Strip Down School Districts! Plus Mehlhorn On Adult First Ed Politics, Finn Defends Teachers Unions, Charter Myths And Charter Booing! And Keep Floating!

In U.S. News & World Report today I take a look at all the things we ask of school districts. It really doesn’t make a lot of sense:

School districts around the country are getting ready for the 2017 school year, which for many starts in just a few weeks. Officials are thinking about transporting students to school, what they’ll feed them, health services for them, sports teams and schedules, and all the other things we call on school districts to do. Meanwhile, if you’re lucky, someone might also be focused on who is going to teach your child and what they’re going to teach.

Backward? Yes, of course it is. And like many things in our education system it’s not what we might design but instead what has evolved and embedded itself over time. Teaching and learning, ostensibly the core functions of schools and school districts, are now just one among many important things we expect them to do…

…As a rule the highest quality institutions we see, in all sectors, are ones that focus on being excellent at something. It’s just hard to be outstanding at a lot of things at once. Yet that’s what we ask of school districts year after year even as they struggle, mediocrity is the norm, and high-quality instruction is often an afterthought. So maybe we shouldn’t?

You can read the entire thing there. Tell me your favorite school district activities or tweet me what you’d like to strip down from school district functions @arotherham.

Elsewhere:

Dmitri Mehlhorn on his old school and the adult-first politics in education.  See if you can figure out what Jay Greene thought of the recent Times piece on Detroit schools. So cryptic!

Checker Finn defends the teachers’ unions: Hey, could be worse, they’re not running around killing people!

Charter schools, boo! Sandy Kress really has a lot of patience!

Student loan sharking in NJ.

Getting hunted by bloodhounds. Just keep floating.

3 Replies to “Strip Down School Districts! Plus Mehlhorn On Adult First Ed Politics, Finn Defends Teachers Unions, Charter Myths And Charter Booing! And Keep Floating!”

  1. I was recently facilitating an in-service for private schools and while we were at lunch, several heads of schools were sending in their lunch count for the following day. When I asked about this, they all outsource lunch and send the vendor the count they expect for the following day. The lunch is then delivered. Complaints about buses, and lunches, and for the record – ATHLETICS, if outsourced, would then go to the vendor, not the school board. What a novel idea, the school board could focus on instruction!

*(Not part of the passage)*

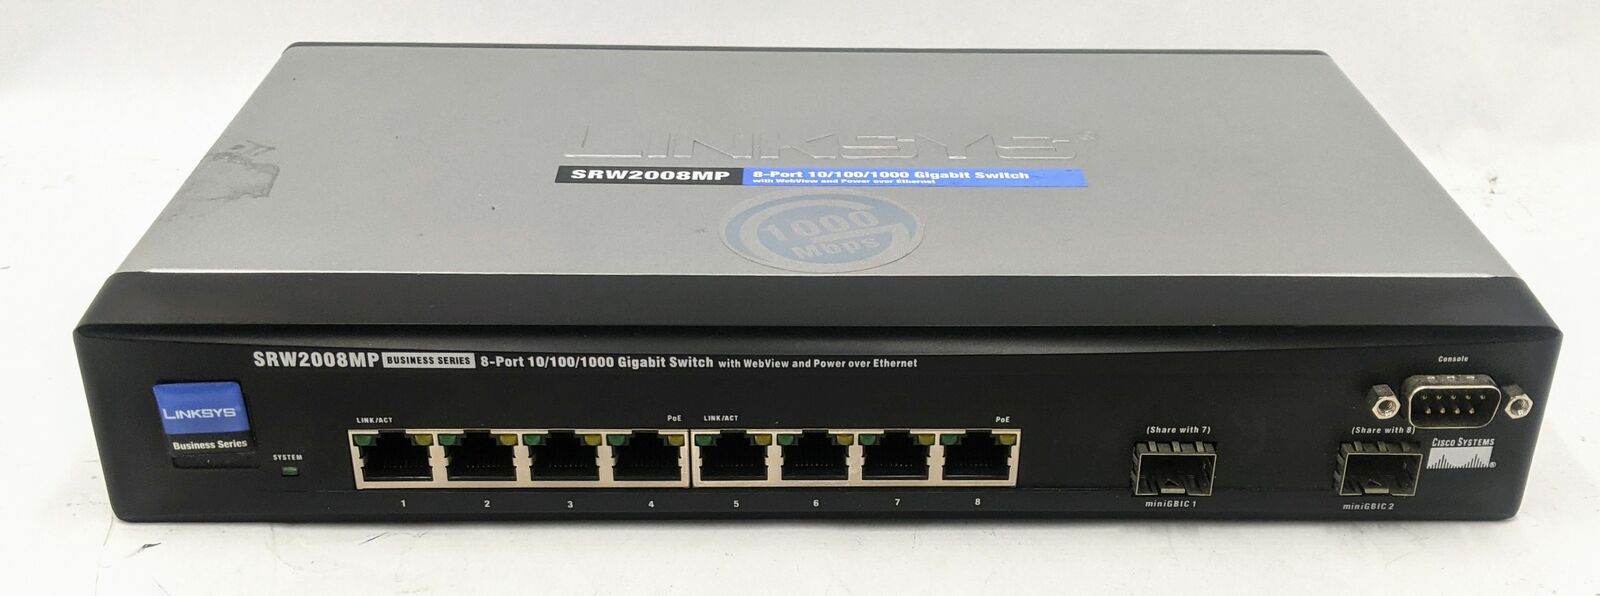 Linksys 8-Port Business Series Managed Gigabit Switch- SRW2008MP

  2. There certainly can be some advantages to outsourcing, but Kathleen: I think your view of accountability is naive. Even it outsourced, it is still a school district that would be responsible for managing the contracts for outsourced services. Imagine this scenario: food services were contracted out and a bunch of kids got sick eating lunch at school. Are you saying that the parents would accept being told to direct their ire at the food services vendor, not the school officials in charge of managing the contract? Or another: A private firm is contracted to do transportation for a district and there is a bus accident where students are injured. You think parents would accept being told by the central office or board “direct your complaints to the bus company.” Again, there are good reasons to contract out, but I think you have an unrealistic notion of how accountability works in outsourced systems.

  3. I don’t disagree with you in the context of outsourcing and I was being a little “snarky.” However, local school boards need to let instruction be guided by the outcomes of educators doing their jobs not the outcomes of themselves as school board members,

    Maybe we should consider outsourcing instruction- and let the school board be concerned with operations.

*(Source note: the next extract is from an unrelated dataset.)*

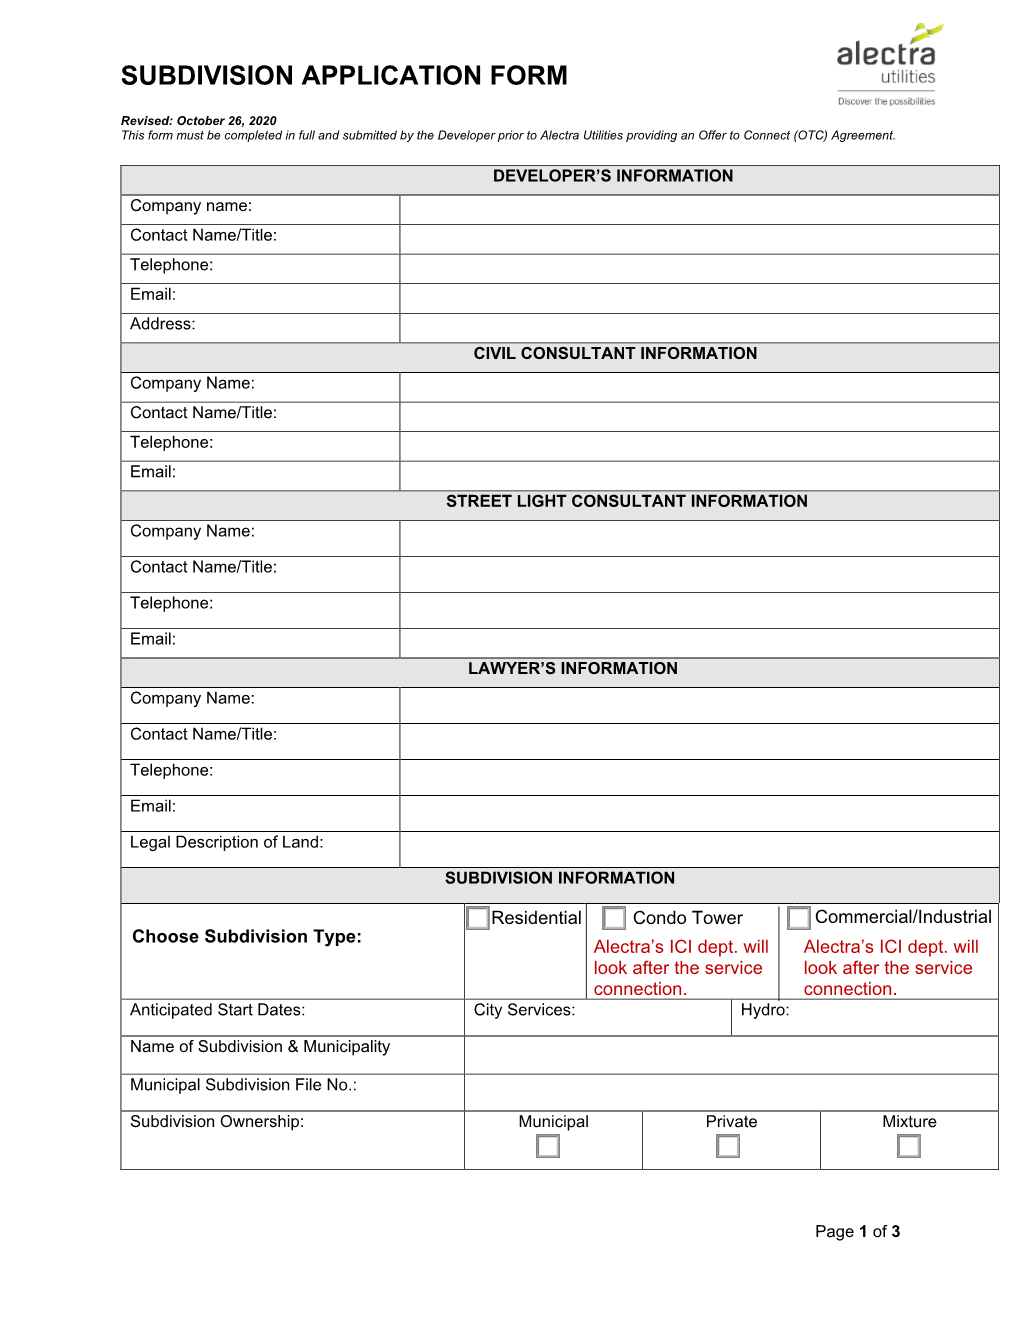 Alectra Utilities Subdivision Application Form

    I know this may appear a little novice- but I am not naïve- I am truly perplexed by the lack of accountability of school boards for minimal and poor instruction. Having served on a local school board in a low-performing district as an appointee for two years (on an elected board)– I was amazed that the board could argue until the wee hours on things like food, sports, transportation, but never, never, on instruction.

    I think this article points to how we must begin to rethink how instruction is GOVERNED, not managed. . Not sure how to do this, but I do think that it makes sense.

    I was once on a review team in a district in another state. At that time, the superintendent was appointed by the state and had all powers over instruction leaving the school board powers over only operations. Evidently, prior board members had been charged with mal feces and left the state no other option. Instructionally, for the first time in many years, the district was improving. When school boards refuse to defer to good judgement by the superintendent they have hired regarding instruction, things go sideways.

    Accountability is an outcome driven process. The problem here is that children are the outcome. We have to think out of the box to redesign what matters most, and in my humble opinion, instruction matters most for kids. If governance is a process, and I believe it is, how can we change governance to produce better outcomes?